Silk Hope, NC – The Chatham County Center of North Carolina Cooperative Extension will offer a workshop on Protecting and Enhancing Bat Populations to Help with Pest Control on the Farm from 7:00-9:30 pm on Monday August 3 at the Silk Hope Farm Heritage Center in Silk Hope, NC. The workshop will be taught by UNC-Greensboro biologist and bat expert Dr. Matina Kalcounis-Rueppell.
This will be a kid-friendly workshop so children ages 7 and up are encouraged to attend!
There are approximately 11 species of bats in the piedmont region of North Carolina and all of them eat insects, including mosquitoes and many important agricultural pests like corn earworms, stink bugs, cucumber beetles, planthoppers, and much more. Pest-control services provided by insect-eating bats in the United States likely save the U.S. agricultural industry at least $3 billion a year, and this is a conservative estimate.
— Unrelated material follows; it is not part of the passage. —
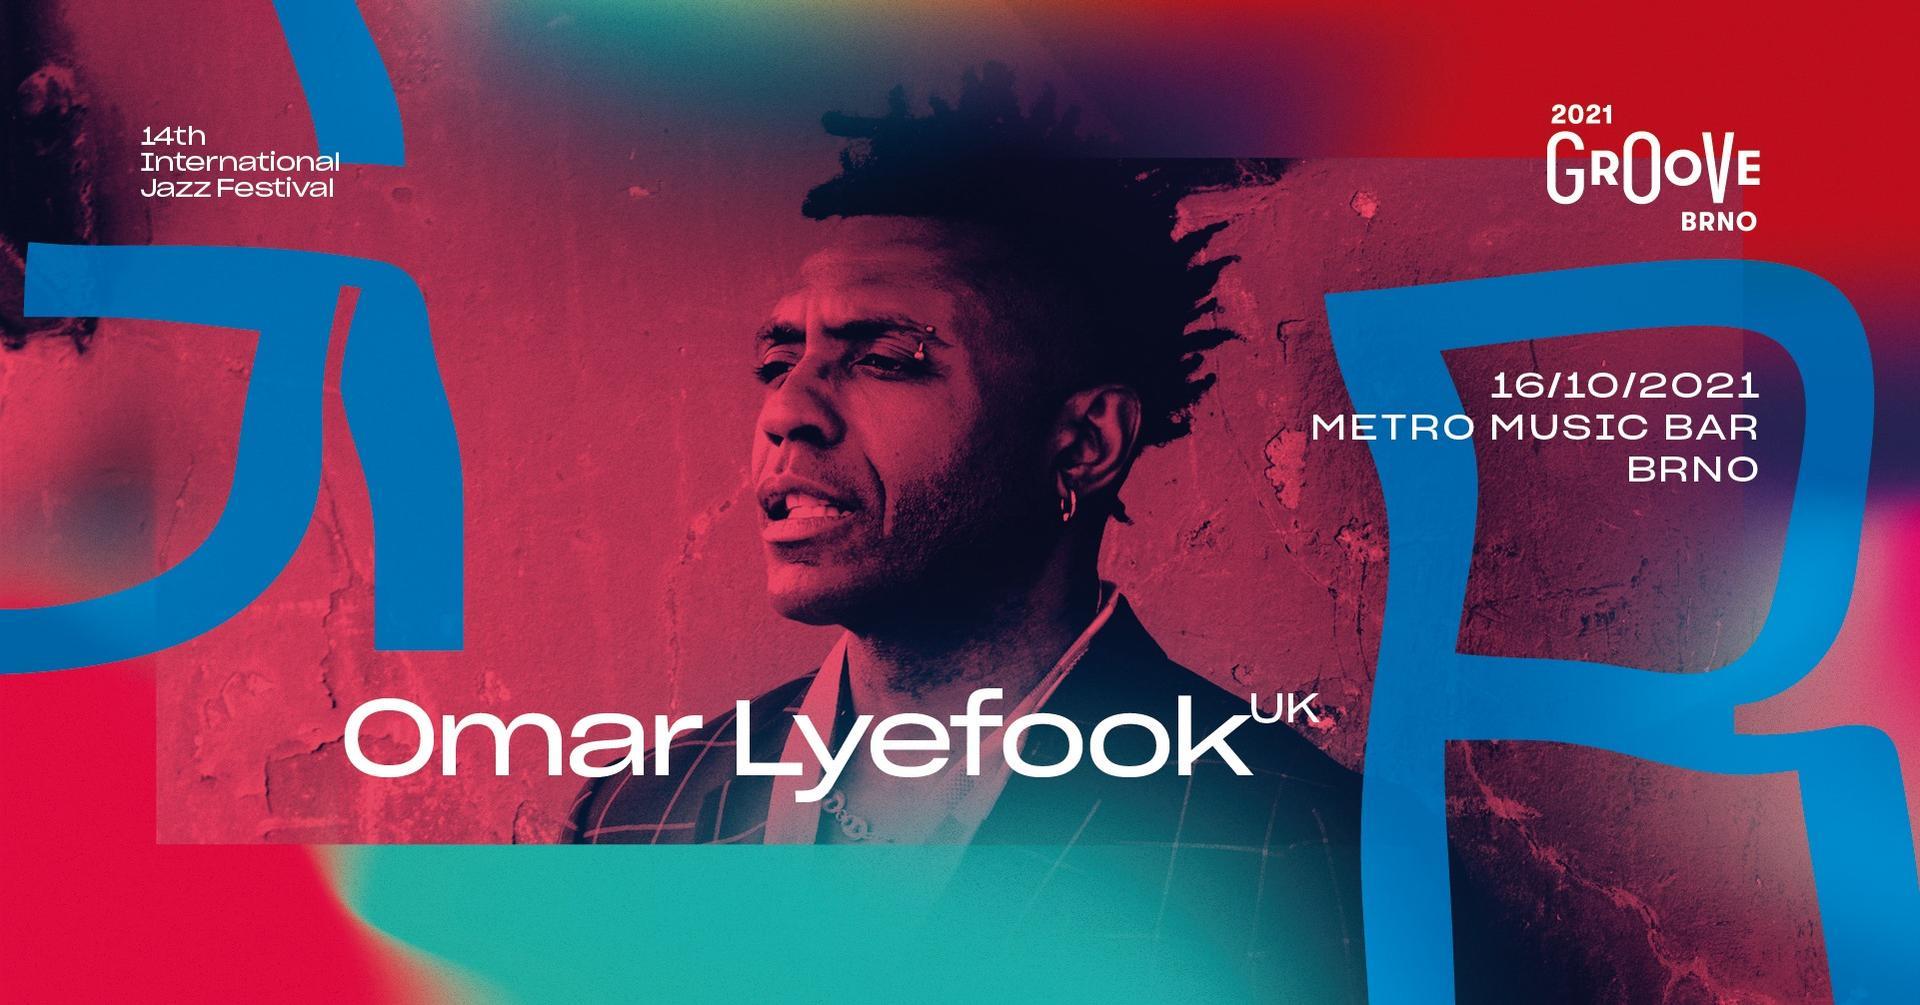 Omar Lyefook / Groove Brno 2021

A large colony of big brown bats (Eptesicus fuscus) can eat 18 million corn rootworms each summer, while a single evening bat (Nycticeius humeralis) can consume over 20,000 insects annually.
AGENDA:
Bats in your Backyard: Biology, Ecology, and Relevance to Farmers and Agriculture
* Bats as fascinating mammals
* Resources that bats need for survival
* Bats as insect consumers in piedmont food webs
* Specific species on piedmont farms
* Ways to attract bats to your farm or garden
* Threats to piedmont bats
* What you can do for bat conservation
Q&A Session
On-Site Bat Observation Session with Bat Detectors
For a speaker bio and registration information, visit Cooperative Extension’s Growing Small Farms website at http://go.ncsu.edu/bat-
Advance registration is required by July 29.